Ошибаясь в смысле этих слов, метис продолжал:

– Поверьте, как это ни странно, но это умно... Вспомните прошлое... Разве потому что увидите у своих ног эту гордую девушку, что играли роль смиренного, робкого влюбленного? Нет... это случилось потому, что вы притворились любящим другую... Итак, не надо слабости!.. Льву не пристало ворковать, как нежному голубку... гордый владыка пустыни не обращает внимания на жалобный рев львицы, которая не столько разгневана, сколько благодарна за его дикие, грубые ласки... и уж скоро, робкая, счастливая, покорная, ползет по следам своего господина. Поверьте мне... будьте смелее... и сегодня же вы станете обожаемым султаном для этой девушки, красотой которой восхищается весь Париж...

После нескольких минут молчания Джальма, с нежным состраданием покачав головой, сказал метису своим звучным, приятным голосом:

– Зачем ты мне изменяешь? Зачем советуешь употребить насилие и зло... в отношении к ангелу чистоты и невинности... женщины, которую я уважаю, как мать? Разве тебе недостаточно, что ты перешел на сторону моих врагов, которые преследовали меня даже на Яве?

Если бы Джальма бросился на метиса с налитыми кровью глазами, с гневным лицом, с поднятым кинжалом, метис был бы менее поражен, менее испуган, чем теперь, когда он услыхал, как кротко упрекает его принц в измене. Феринджи даже отступил на шаг, как бы приготовляясь к защите.

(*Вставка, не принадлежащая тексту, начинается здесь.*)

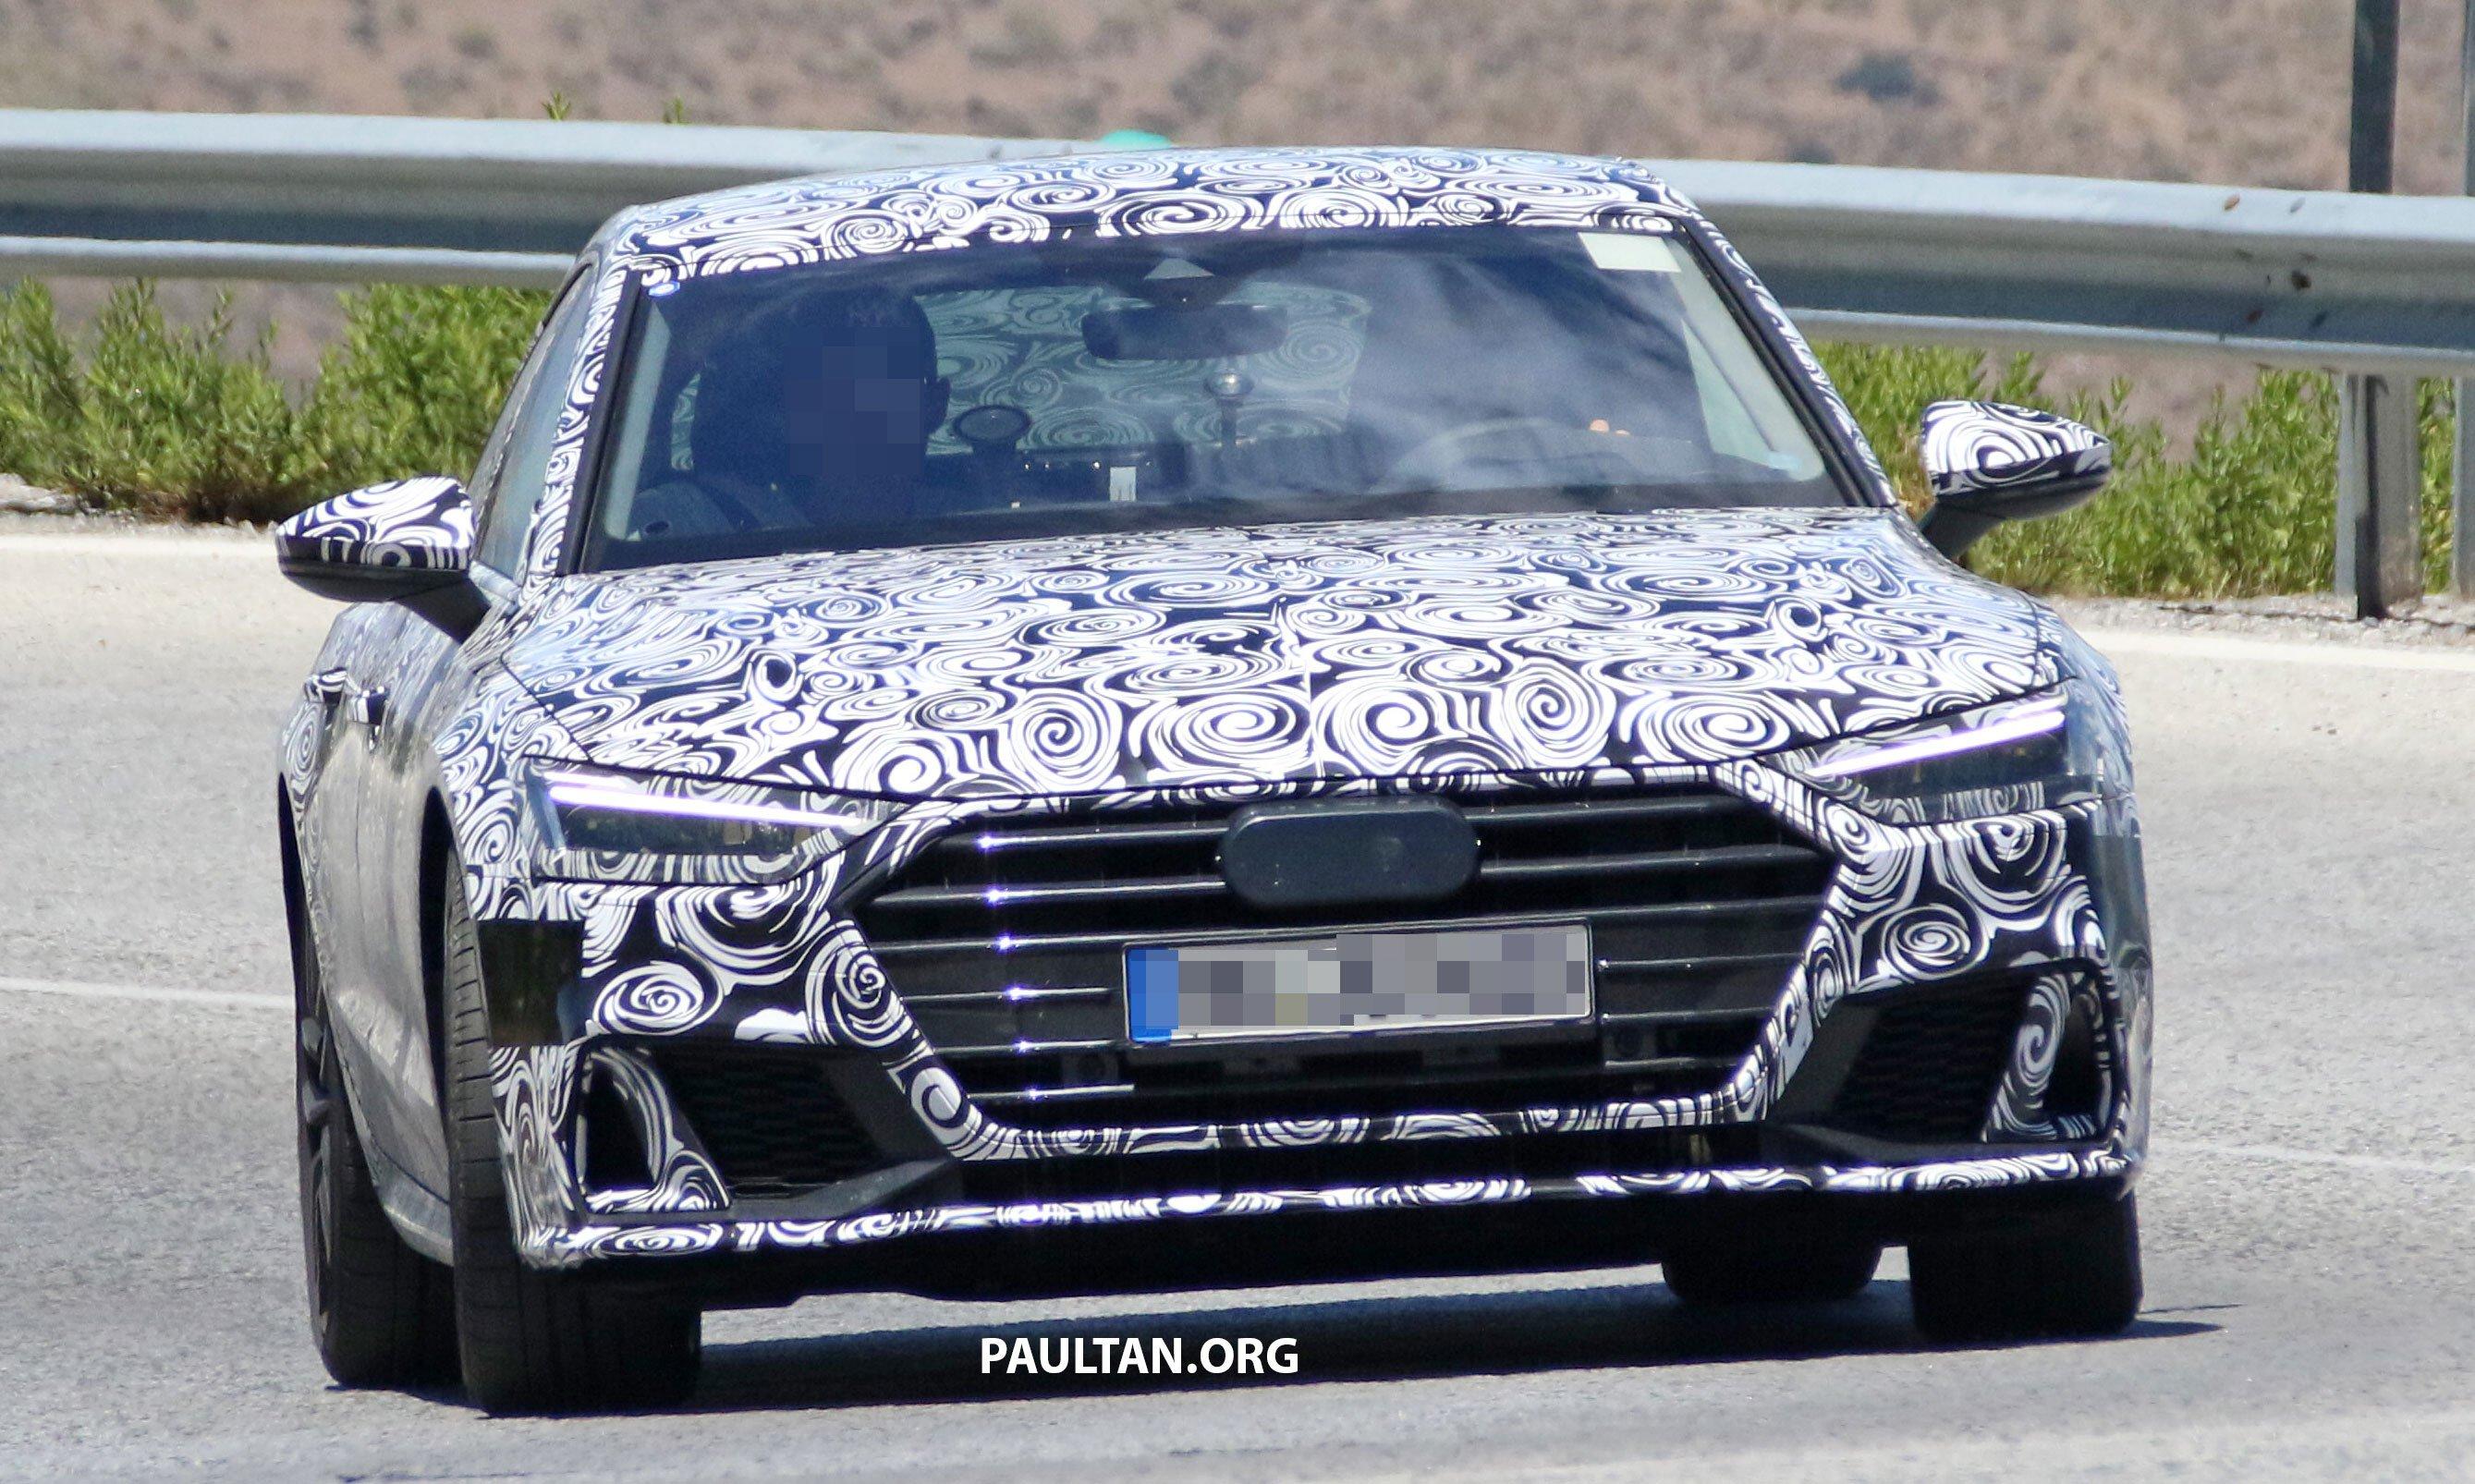 谍照:全新 Audi S7 伪装路测照曝光,预计2018年面市。 Audi S7 1 Paul Tan 汽车资讯网

Джальма продолжал с той же снисходительностью:

– Не бойся... вчера я бы тебя убил... уверяю тебя... но сегодня счастливая любовь внушила мне милосердие... я только жалею тебя, без всякой злобы. Должно быть, ты был очень несчастен... что сделался таким злым?

– Я, принц? – с изумлением произнес метис.

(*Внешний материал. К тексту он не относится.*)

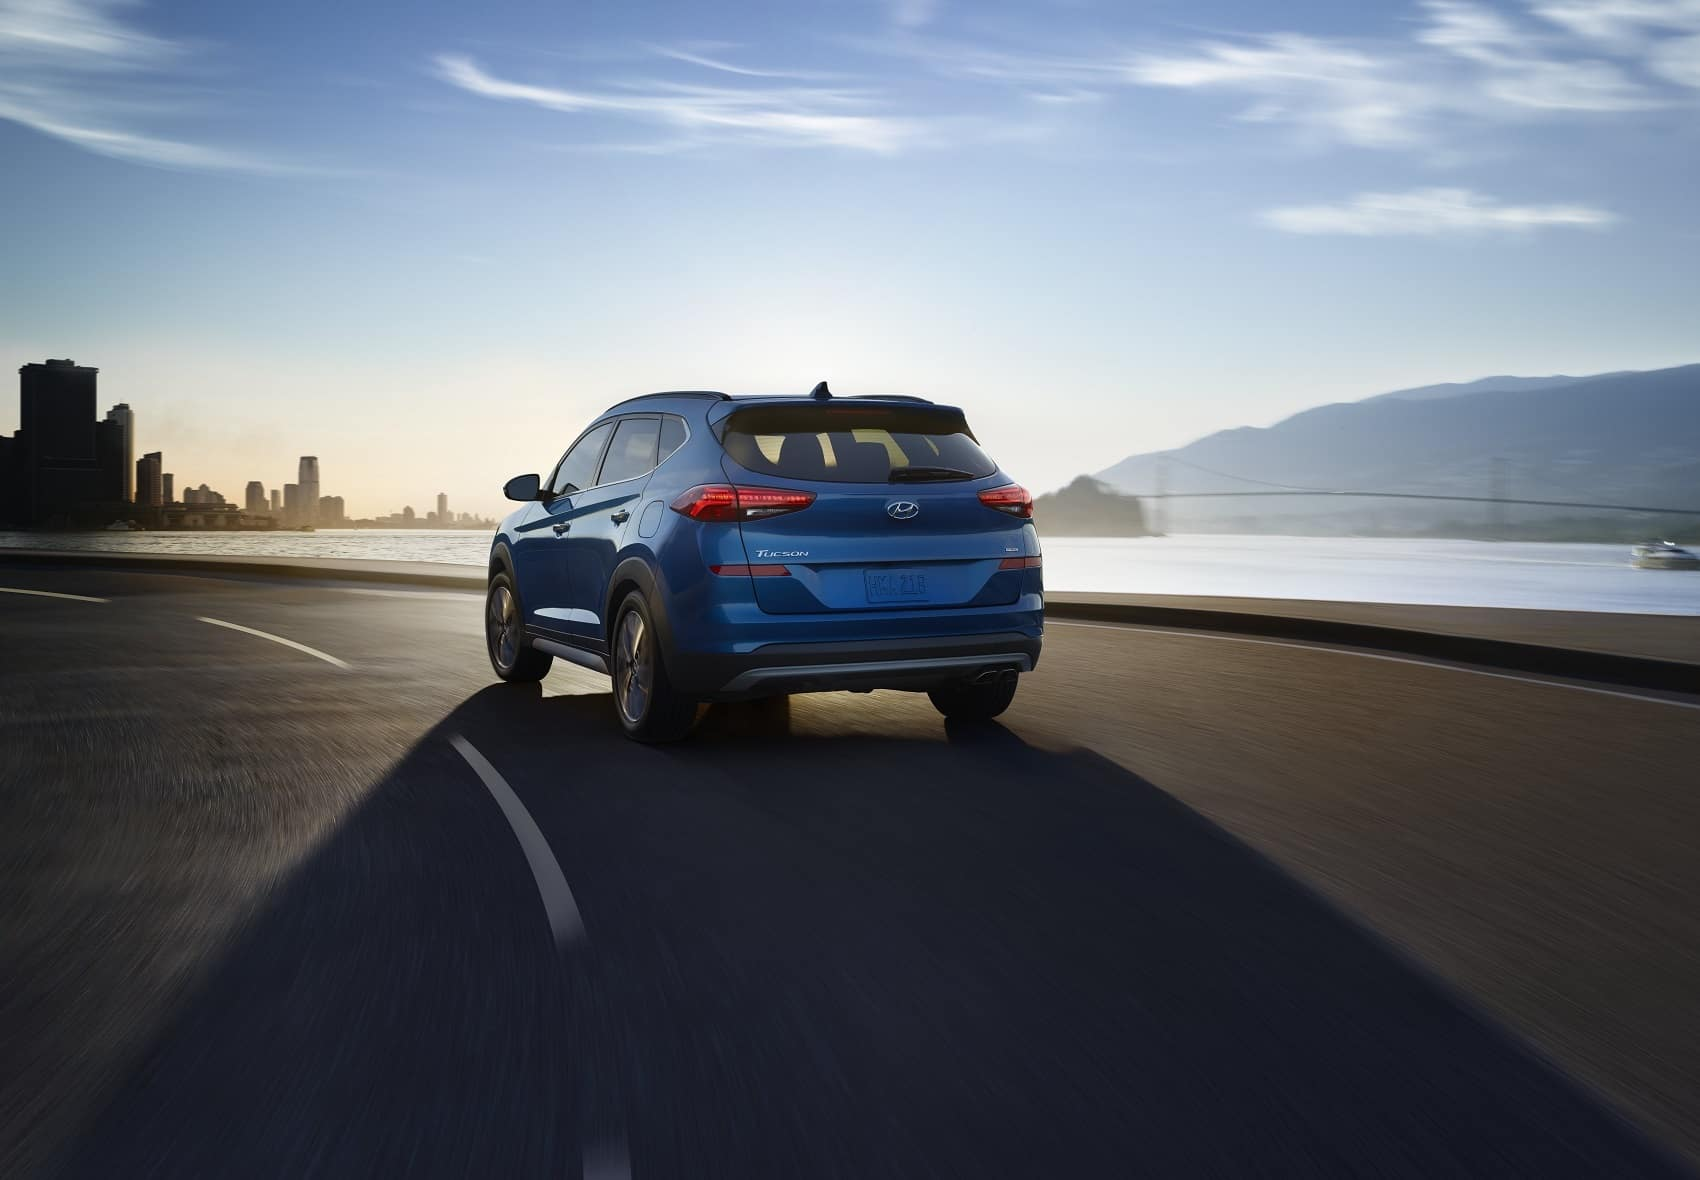 2019 Hyundai Tuscon Blue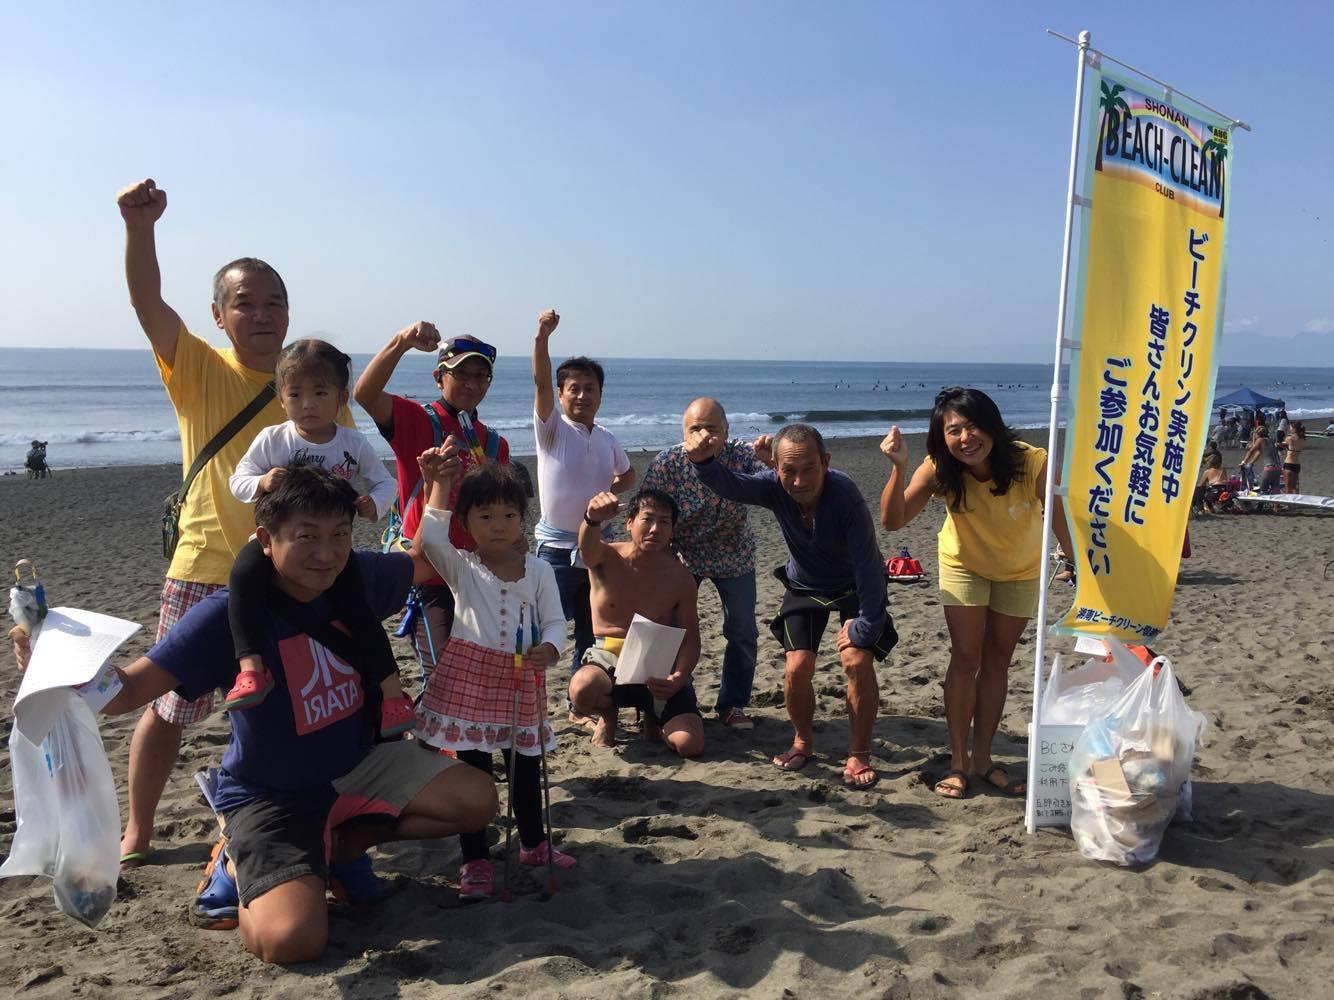 【終了】2019年11月16日(土) 第47回調べるビーチクリーン@辻堂海岸

– Ты, значит, сильно страдал, к тебе были, вероятно, безжалостны, несчастное существо, если ты так безжалостен в своей ненависти и даже вид такого счастья, как мое, тебя не обезоруживает?.. Право... слушая тебя сейчас, я искренне тебя пожалел, когда увидел столь упорную и печальную жажду зла...

– Повелитель... я не знаю...

И метис, заикаясь, не находил, что ответить.

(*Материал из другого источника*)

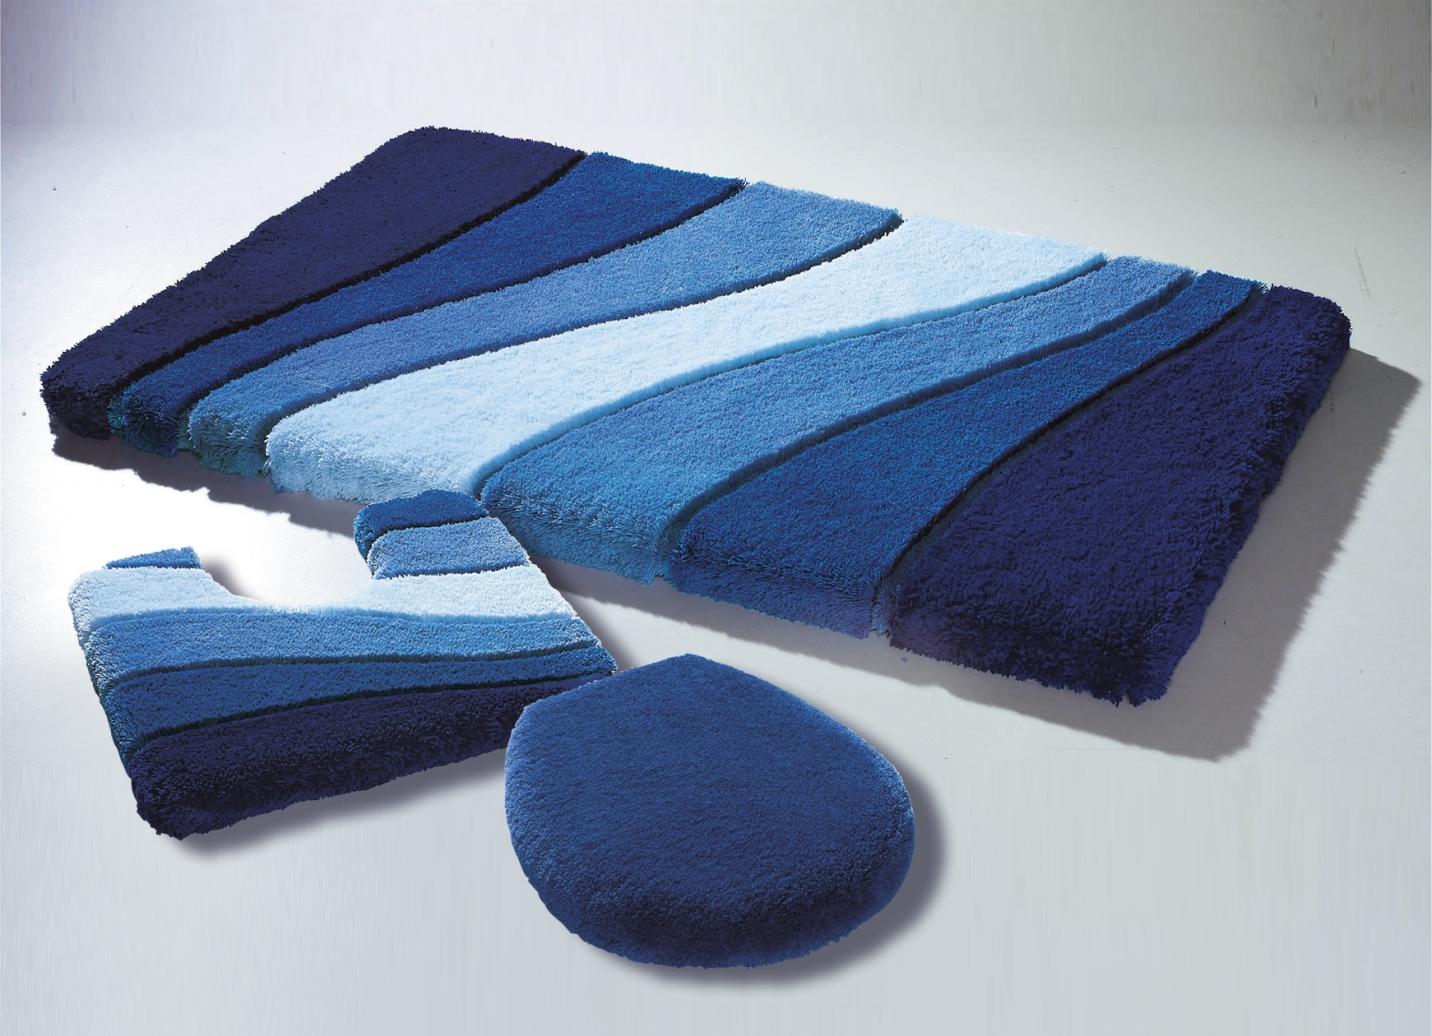 meusch badgarnitur in verschiedenen farben badmatten. Black Bedroom Furniture Sets. Home Design Ideas

– Скажи... какое зло я тебе сделал?

– Да никакого, господин... – отвечал метис.

– За что же ты меня так ненавидишь? Зачем так яростно стремишься повредить мне?.. Не довольно разве было того коварного совета, какой ты дал мне, – притвориться влюбленным в ту девушку... которая ушла... ей стало стыдно исполнять навязанную постыдную роль?

– Ваша притворная любовь, однако, победила чью-то холодность... сказал Феринджи, отчасти возвращая себе, наконец, хладнокровие.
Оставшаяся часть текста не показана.